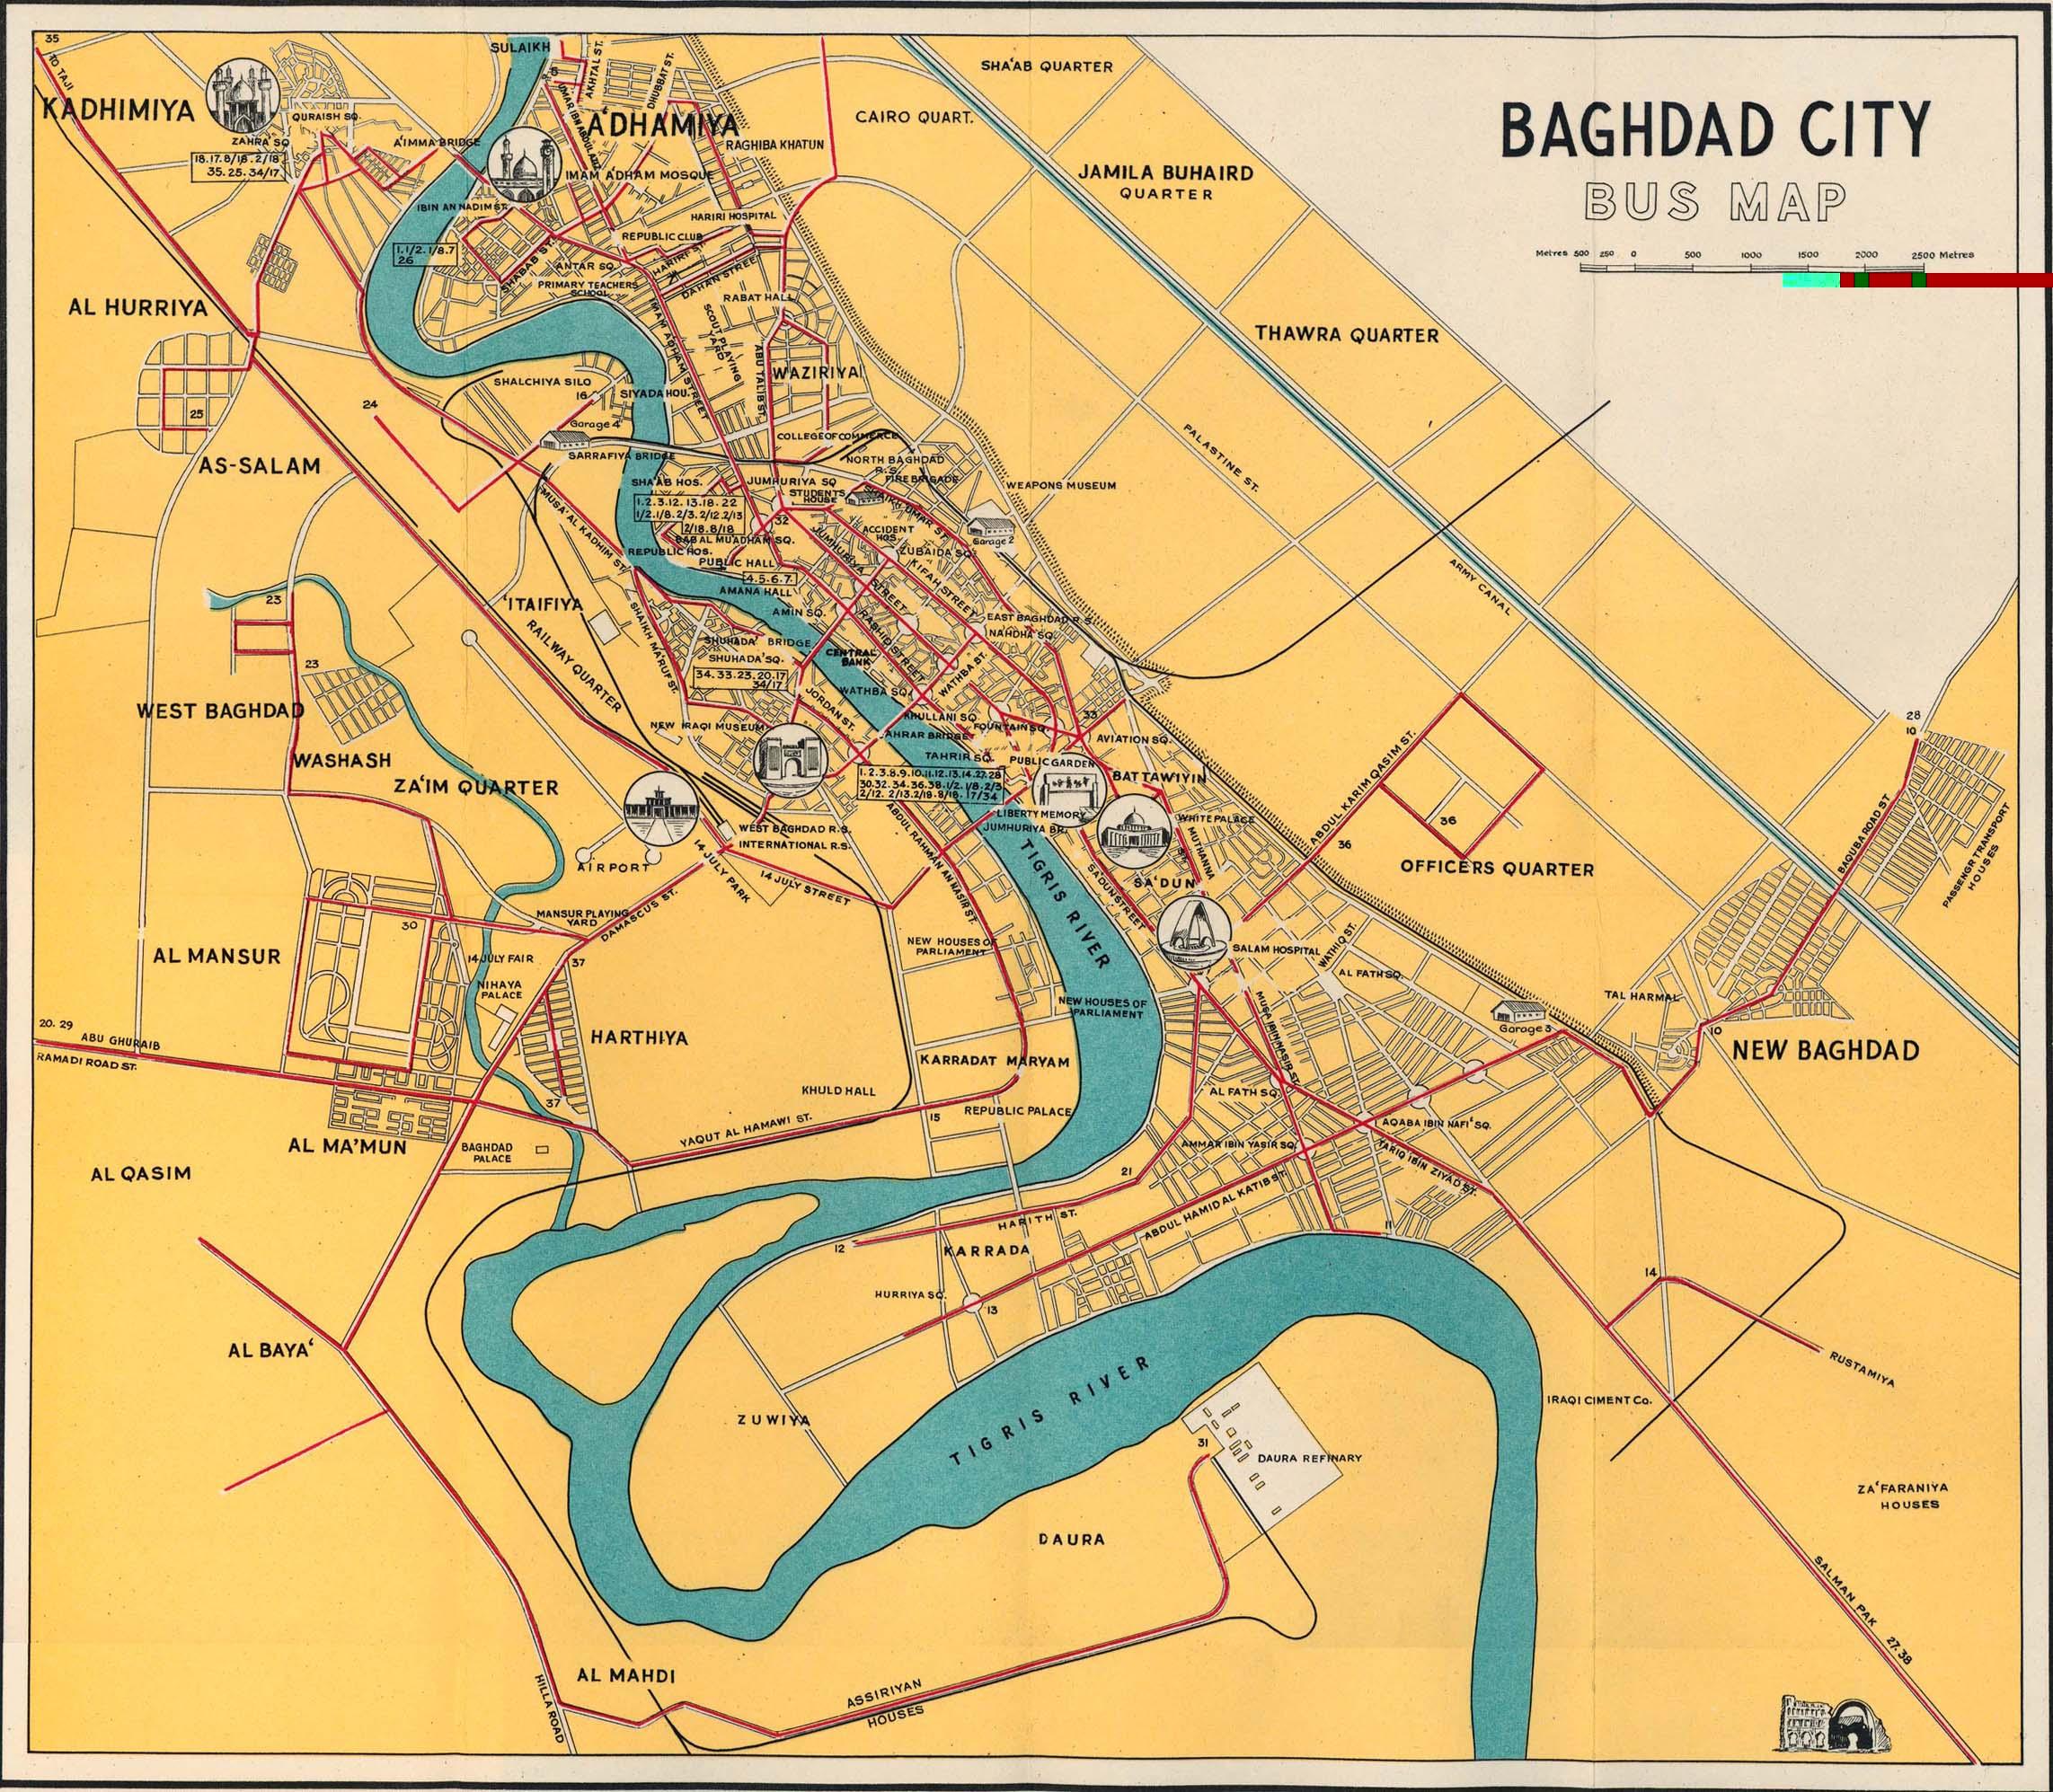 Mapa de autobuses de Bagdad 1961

==

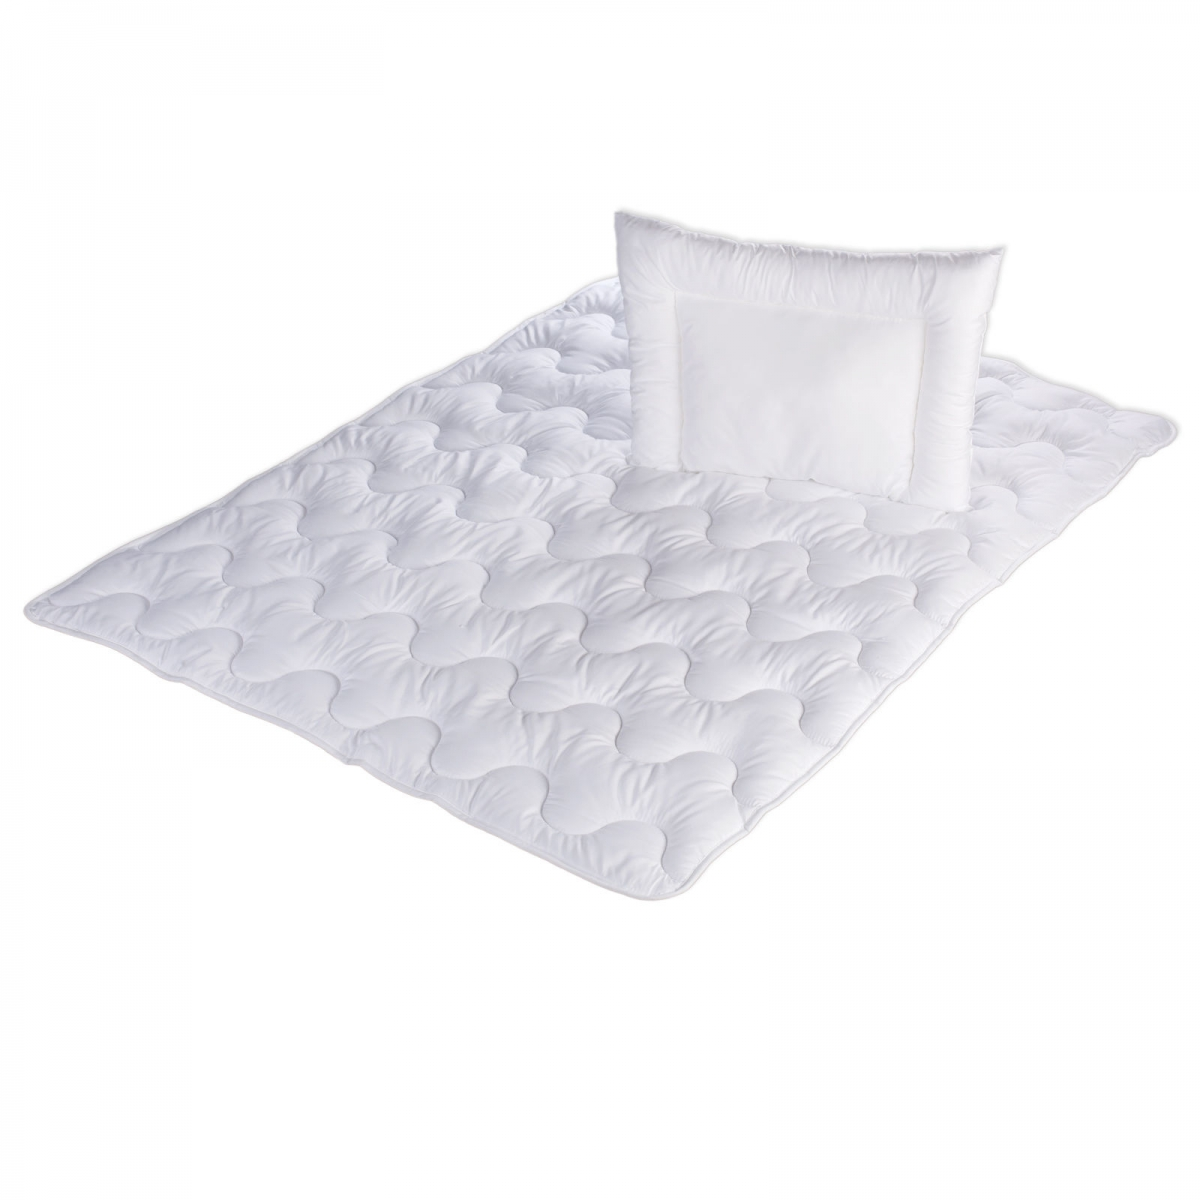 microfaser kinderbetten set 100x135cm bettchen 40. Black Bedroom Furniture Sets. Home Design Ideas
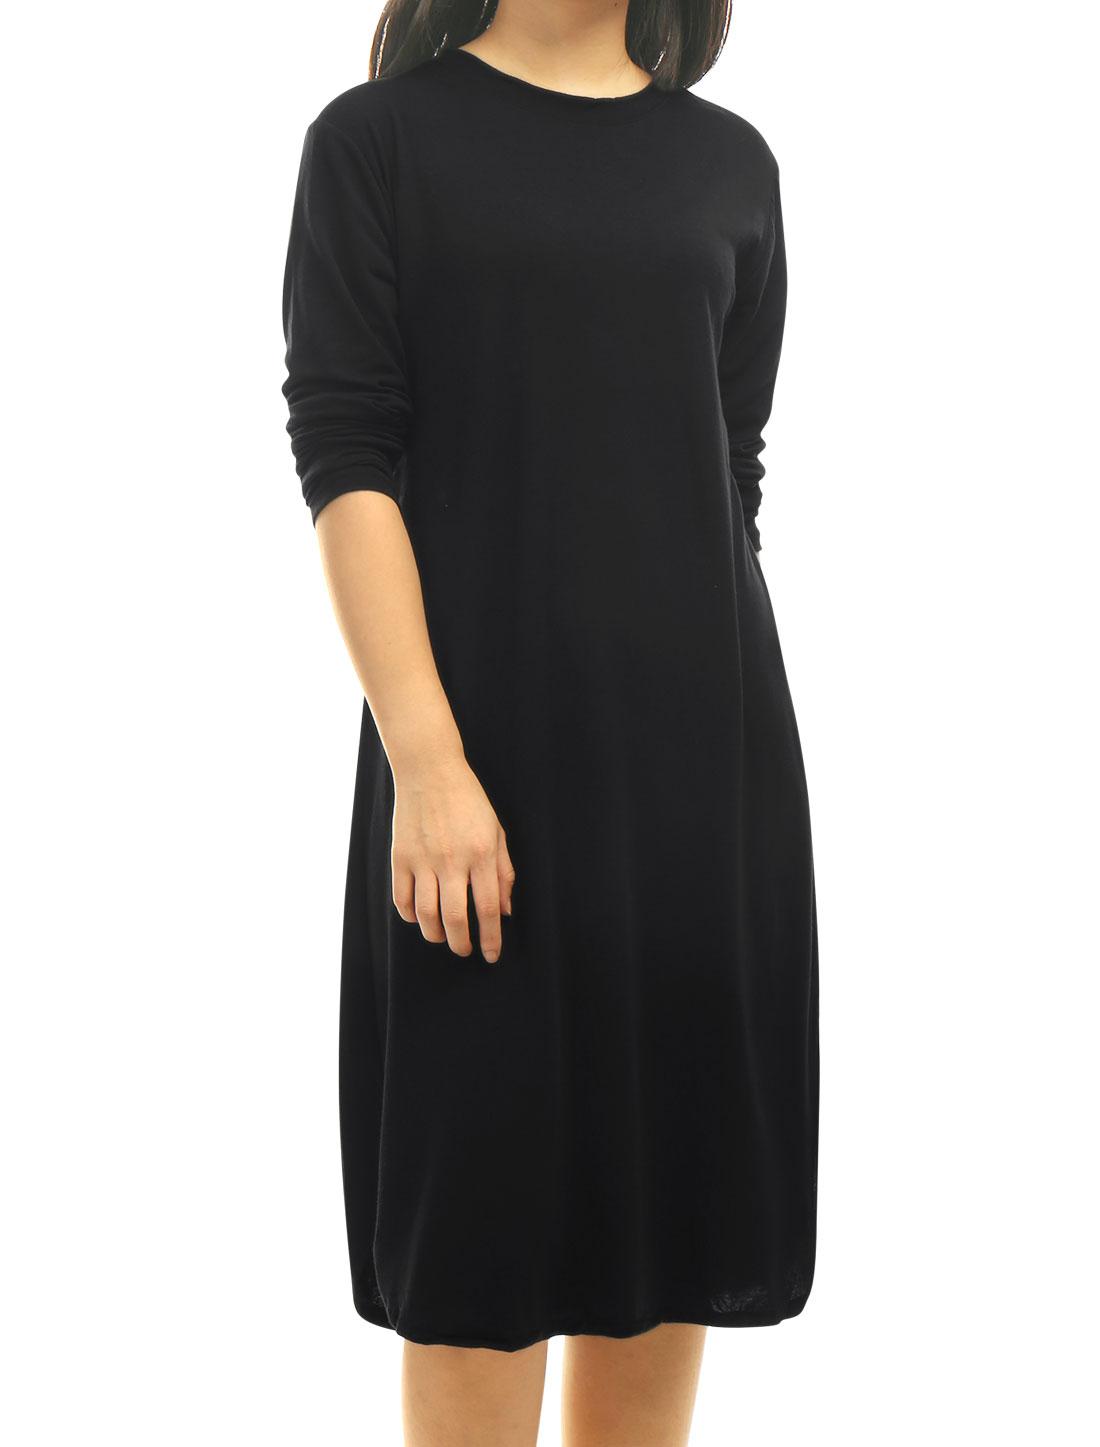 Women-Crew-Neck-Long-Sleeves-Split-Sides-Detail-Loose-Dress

**What you will do:** Give back exactly the lines above that run from the one with "microfaser kinderbetten set" to the one with "Women-Crew-Neck-Long-Sleeves-Split-Sides-Detail-Loose-Dress", including both, with the pictures left out.

**Reply:**
 microfaser kinderbetten set 100x135cm bettchen 40. Black Bedroom Furniture Sets. Home Design Ideas
 Women-Crew-Neck-Long-Sleeves-Split-Sides-Detail-Loose-Dress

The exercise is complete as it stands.